In den übrigen Versen folgt nun die Wendung: Die genannten Tiere stehen sowohl für Tapferkeit und Stärke als auch für Wildheit und Grausamkeit und nur überaus mutige Männer sind in der Lage sie zu besiegen. Die Raubtiere stellen Gegner Maos dar, die mit dem Einbruch des Winters, ergo dem Scheitern der Kampagne versuchen die Machtverhältnisse umzuwälzen. Der mutige Mann ist selbstverständlich der Autor selbst.
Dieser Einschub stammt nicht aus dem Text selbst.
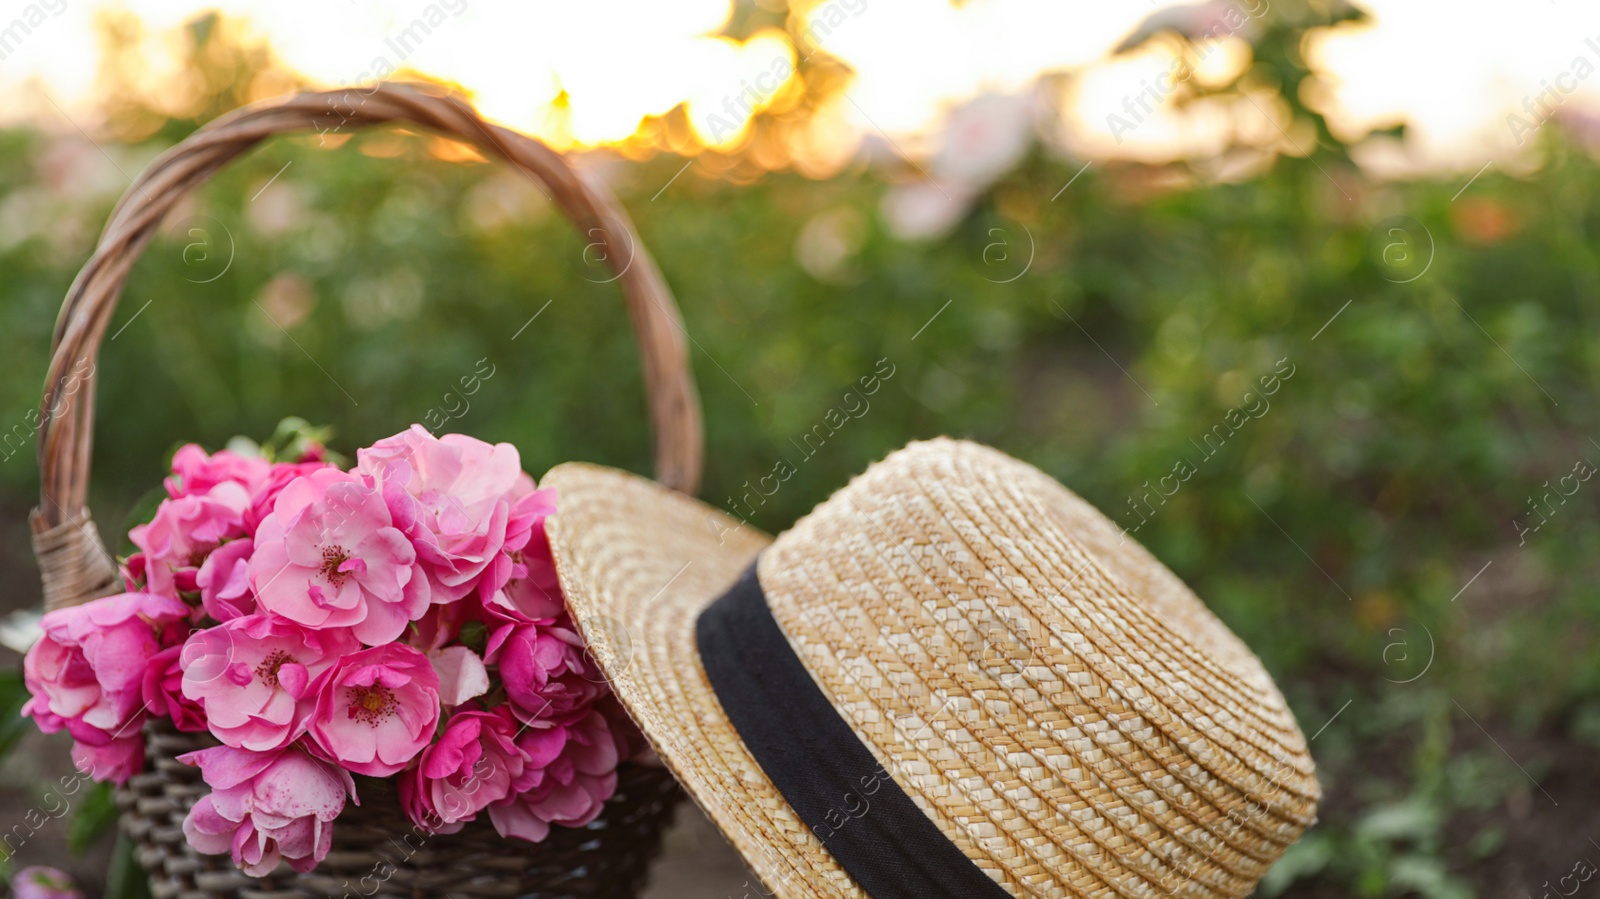 Photo of Straw hat and wicker basket with roses outdoors. Gardening

Diese Interpretation wird noch dadurch bestärkt, dass während der Qing-Dynastie diese Tiere allesamt für Offiziersränge standen; ein Hinweis darauf, dass die Feinde aus den eigene Reihen stammen und gleichzeitig von Mao als reaktionär angesehen werden. Der vorletzte Vers nimmt die Blüte wieder auf, eine Art Parallelismus zur zweiten Zeile, nur dass es sich hier um eine einzelne handelt. Die Pflaume steht in China für Härte und Stärke, da sie dem Winter trotzt und meist noch vor Frühlingsbeginn blüht. Somit ist sie auch ein Symbol für neues Leben und Erneuerung und soll Mao darstellen, wie er trotz seines Alters noch voller Tatendrang steckt. Die Fliegen bzw. Insekten im Allgemeinen symbolisieren in China die Seele, die in der letzten Zeile nun alle erstarrt sind. Mao könnte damit anspielen, dass die Weltrevolution in seinen Augen nach dem Großen Sprung nach vorne durch politische Gegner zum Erliegen
gekommen ist.


Entschuldigung für den langen Kommentar.

LG

 Bergmann (27.08.15)
Melodia:
Eine schöne und bereichernde, keineswegs zu ausführliche Ergänzung meiner Darlegungen, die auch zeigt, wie unterschiedlich Übersetzungen aus dem Chinesischen ausfallen können (müssen).